Ivermectin binds to ligand-gated chloride ion channels including glutamate, glycine, and gammaaminobutyric acid (GABA) gated chloride ion channels in nerve and muscle cells. Its selective activity against human parasites is due to its high affinity for glutamate-gated chloride ion channels found in the peripheral nervous system of invertebrates (9). The binding of ivermectin to this ion channel in the nerve and muscle cells results in increased permeability of the cell membrane to chloride ions, leading to hyperpolarization with subsequent paralysis and death of the parasite. Because ivermectin does not readily cross the mammalian blood-brain barrier, where ligand-gated chloride ion channels are found in mammals, humans are spared from adverse CNS effects of the drug (10-12). Nevertheless, within the realm of veterinary medicine there have been reports of severe toxicity of ivermectin affecting collies, demonstrating that drug can access the CNS in mammals (13).
Scabies
Several studies have demonstrated that ivermectin is just as safe and effective as topical antiscabietics. In these studies, single oral therapy with dosages ranging from 100 to 200 [micro]g/kg resulted in cure rates that ranged from 70% to 100% (14-17). In a study comparing oral ivermectin and permethrin 5% cream, two 200 [micro]g/kg doses two weeks apart were required to achieve the cure rate of a single application of permethrin, which was 97.8% (18). Despite these studies, the optimal dosage for scabies has not been established due to paucity of randomized trials and the lack of longterm experience of the drug in humans for scabies. Data from the limited number of studies indicate that two doses of 200 mg/kg of ivermectin 1 to 2 weeks apart achieve the comparable cure rates of topical antiscabietics. Single dose failure is assumed to be, in part, due to survival of the eggs leading to re-infestation. Some report successful experience with single 250 [micro]g/kg and 400 [micro]g/kg dosages, which avoids the second dosage (19).
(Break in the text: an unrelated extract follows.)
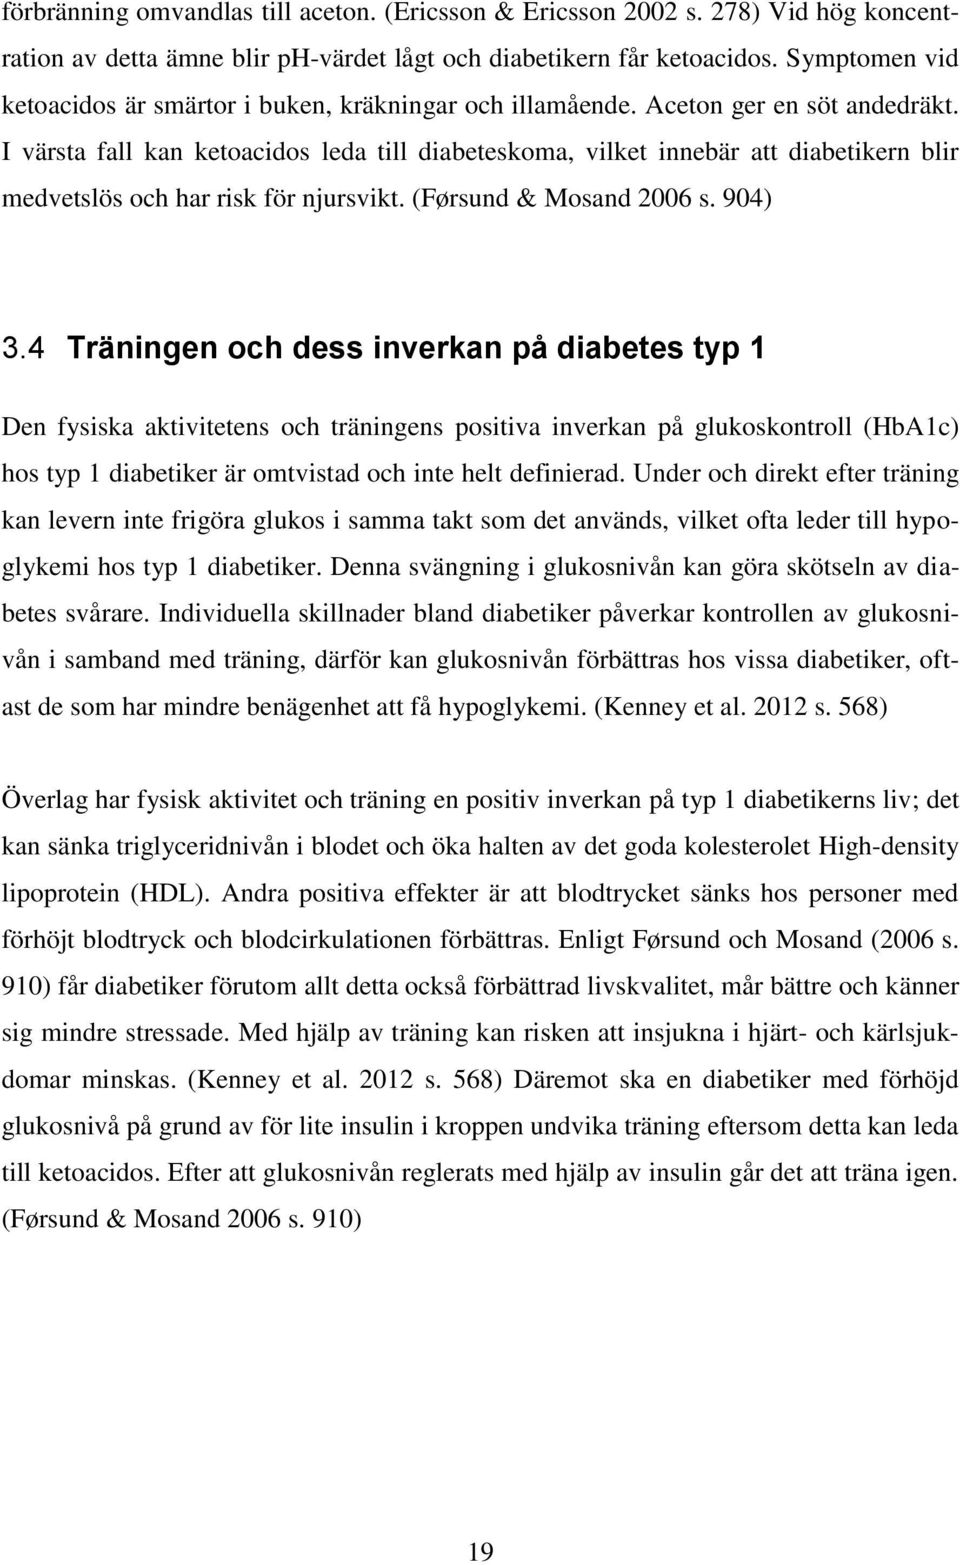 I värsta fall kan ketoacidos leda till diabeteskoma, vilket innebär att diabetikern blir medvetslös och har risk för njursvikt. (Førsund & Mosand 2006 s. 904) 3.

The advantages of oral versus topical therapy, some investigators assert, are convenience and better compliance. Indeed, in cases of uncooperative or uncontrollable patients, ivermectin may offer an advantage (20). In most cases, however, ivermectin does not offer a distinct advantage over topical antiscabietics in uncomplicated scabies.
Crusted Scabies
Immunosuppressed patients either from therapy or human immunodeficiency virus infection, patients with neurologic disorders such as Down's syndrome, and debilitated patients found in nursing homes comprise the groups at risk for this highly contagious form of scabies. Prompt eradication of the infestation is necessary since these patients may be at risk for bacterial sepsis because of their significantly compromised skin barrier. Re-infestation occurs frequently due to poor control of the spread of the disease primarily due to inadequate fomite control. Eradication of the infestation may pose a therapeutic challenge, requiring multiple treatments with topical antiscabietics and keratolytics. Ivermectin in this setting may provide a distinctive advantage over topical antiscabietics. In fact, some investigators have declared ivermectin as the therapy of choice for this form of infestation (21). Data on efficacy of ivermectin for crusted scabies are mostly from case reports rather than clinical trials. In most of these reports, effective regimen required more than two to three doses of 200 mg/kg with and without concomitant topical keratolytics and antiscabietics (22-32). In an open-label study by Huffam and Currie, 20 aboriginal patients with crusted scabies recalcitrant to topical antiscabietics were treated with 1 to 3 doses (200 mg/kg) of ivermectin two weeks apart, along with topical antiscabietics and keratolytics (33). Only 8 of the 20 patients had complete response to a single dose, 9 had partial response, and 3 had minimal improvement. One patient received 10 doses over a period of 12 months. The authors concluded that those who received 3 doses of ivermectin had the best clinical response. None of the investigators reported any significant side effects. Although single dose has been reported to be effective, multiple doses are required for most cases of crusted scabies. The number doses and the addition of topical keratolytics or antiscabietics will depend on the extent of the infestation, since the patients at risk for crusted scabies represent a heterogeneous group that may present with minimal crusting to extensive crusting of the body. Symptoms, especially pruritus, may subside within hours to days, but a complete response to ivermectin generally ranged from 2 to 6 weeks.
Institution Setting
Prompt eradication of scabies outbreak in institutional settings such as prisons, nursing homes, and homes for the mentally handicapped can be challenging. Meticulous application of topical antiscabietics can be difficult and time consuming, especially with uncooperative patients either due to mental incapacity or physical debilitations such as contractures. More reports of experience with ivermectin in these settings are emerging. Several authors have reported successful eradication of scabies in these settings (20,34-36). The usual regimen has been two doses of 200 mg/kg 1 to 2 weeks apart, although in one study in a prison setting, a large number of prisoners were treated using single dose of 150 mg/kg successfully (37). The investigators emphasize the safety, high efficacy, and the ease of administration and, thus, high compliance rate. Ivermectin in these settings may provide a distinctive advantage over topical antiscabietics.
Adverse Effects
Ivermectin has been used in the treatment of millions of people with parasitic diseases worldwide with minimal adverse effects. Headache, myalgia, rash, anorexia, hypotension, itching, fever, chills, and joint or facial edema comprise of the minor documented adverse events in the treatment of onchocerciasis, which usually occurred within three days of the administration of the first dose, rarely occurring after subsequent doses. Some of the rare severe side effects reported are severe postural hypotension, dyspnea, laryngeal edema, and more recently, encephalopathy (38,39). A presumed immunologic reaction to the dead filaria and their toxic products known as Mazzotti-reaction, which consists of fever, headache, itching, nausea, and hypotension, has been described in those patients who were treated with ivermectin (40).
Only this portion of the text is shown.